Bottom line: We expect the turmoil related to Evergrande to get worse before it gets better. But we believe the Chinese government will eventually intervene as the alternative could be a financial crisis with very severe effects on the Chinese economy and the Chinese people. The government needs to strike a balance between on the one hand show that irresponsible behaviour has a price and reduce moral hazard issues in the credit market and on the other hand not allow a financial crisis to unfold. The Chinese mini-crisis adds another headwind to Chinese growth this autumn.

Background

The Chinese property sector is around 25% of Chinese GDP if both directs effects from construction as well as indirect effects from upstream and downstream industries included. The developer market is highly fragmented with many players. Evergrande is the second largest developer but only has a total market share of 4%.

Some developers, including Evergrande, have very high debt levels after many years of expansion and some of the companies used very creative financing tools as supplement to normal debt and bank loans. Most of the debt is domestic but offshore bonds have also been issued. Evergrande has debt worth USD300 bn equivalent to 2% of Chinese GDP.

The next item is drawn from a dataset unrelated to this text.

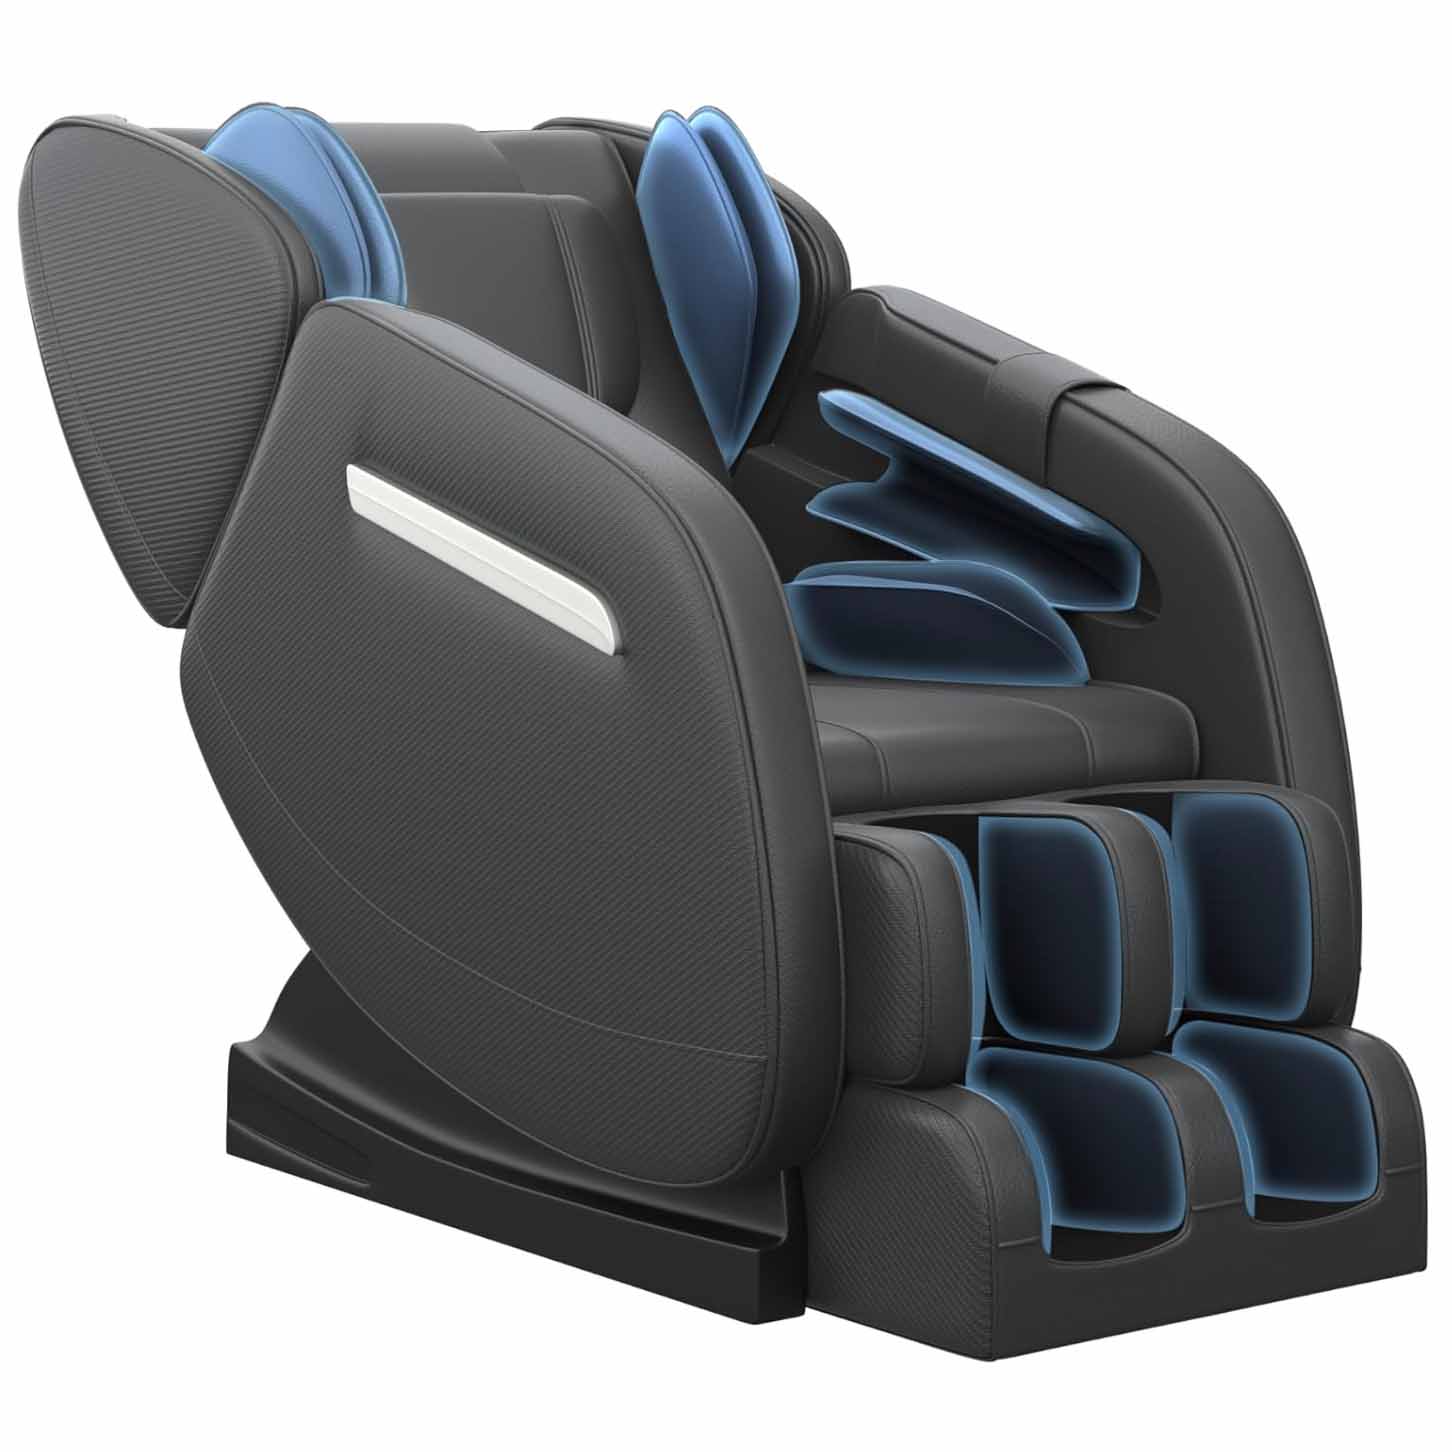 Black and blue massage chair

After many years of growing debt levels, China put fighting financial risks on top of their agenda five years ago. In 2020 they tightened rules for developers putting limits on the debt and increasing requirements on liquidity (the so-called “three red lines” regulation).

The new regulation has created challenges for the most leveraged developers. Evergrande is one of them. When the housing market cooled down significantly this year after policy tightening, Evergrande has faced a liquidity crisis. For more info on Evergrande see box below.

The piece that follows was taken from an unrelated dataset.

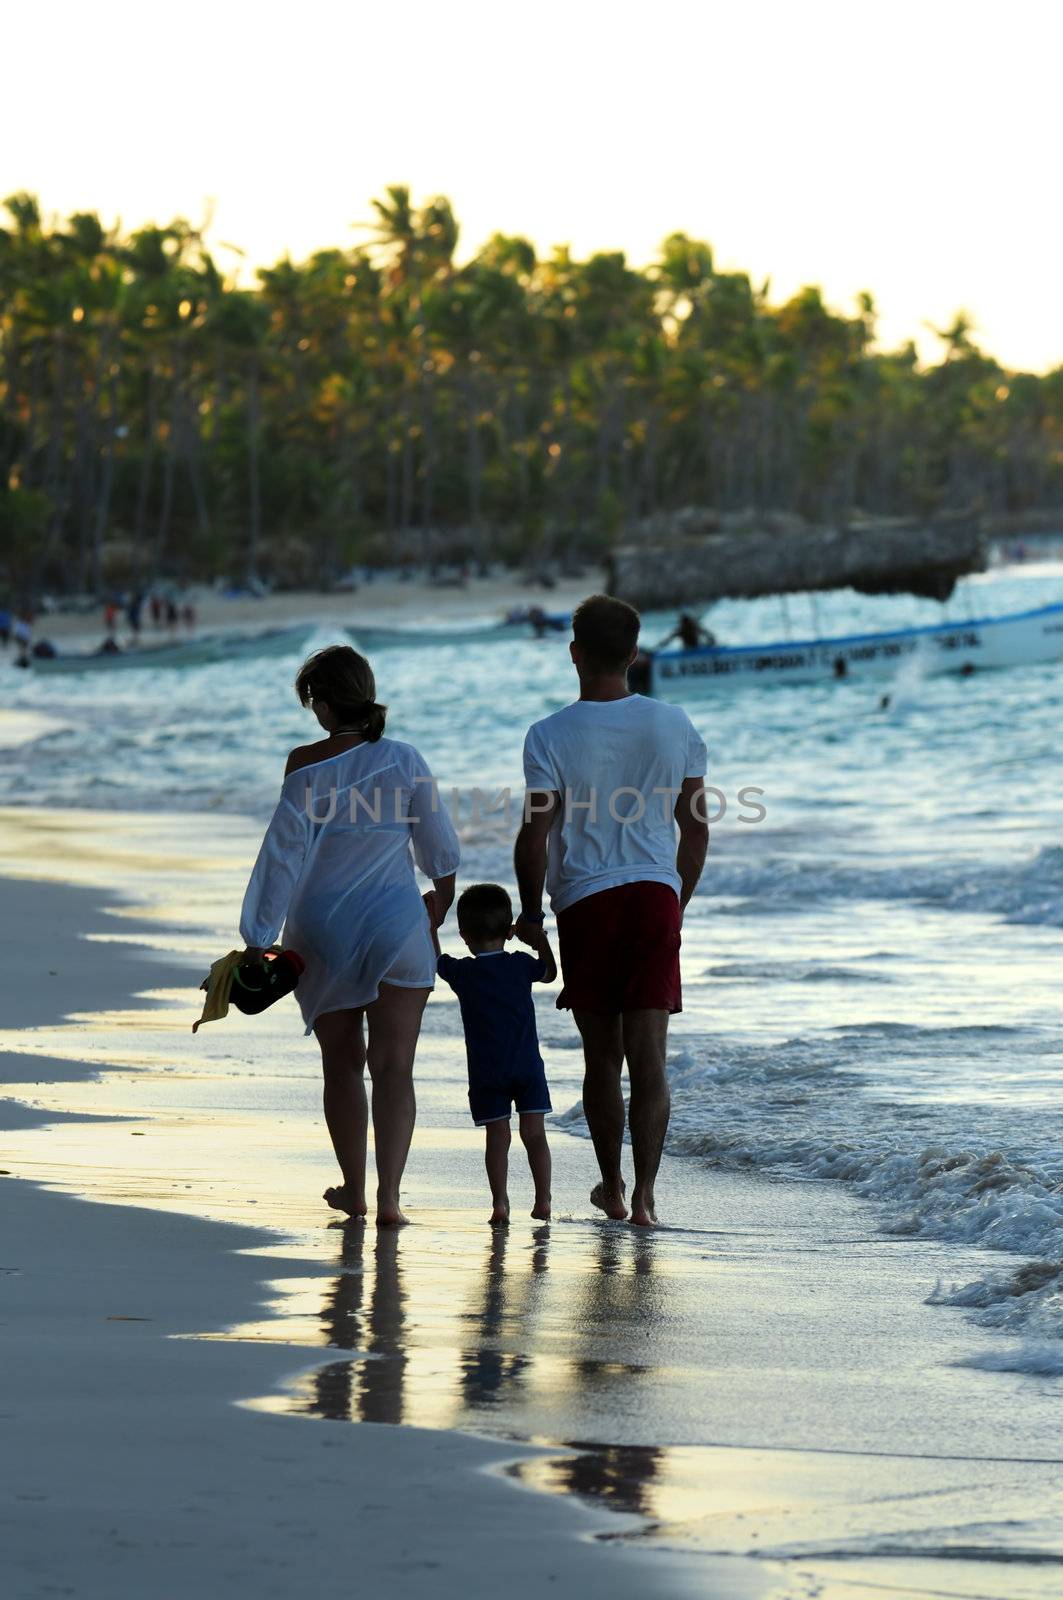 Family taking a walk on a sandy beach of tropical resort

On top of bank loans and issuance of bonds some financing for developers are through Wealth Management Products sold directly to Chinese citizens. There is a rising risk that they will start redeeming their money when possible and thus cut off a funding channel. Losses on these products could also lead to widespread protests.

How bad are markets hit?

Chinese stock markets have taken a big hit with offshores equities trading close to lowest levels in six years. Developer stocks have declined significantly over the past week and high yield financing costs are the highest in a decade at 14%. We believe the domestic contagion has reached a point where intervention from Beijing is needed to stop the snowball that has started to roll.

Until this week contagion to global markets has been limited but in recent days global risk sentiment has been hit. S&P500 dropped 1.7% on Monday.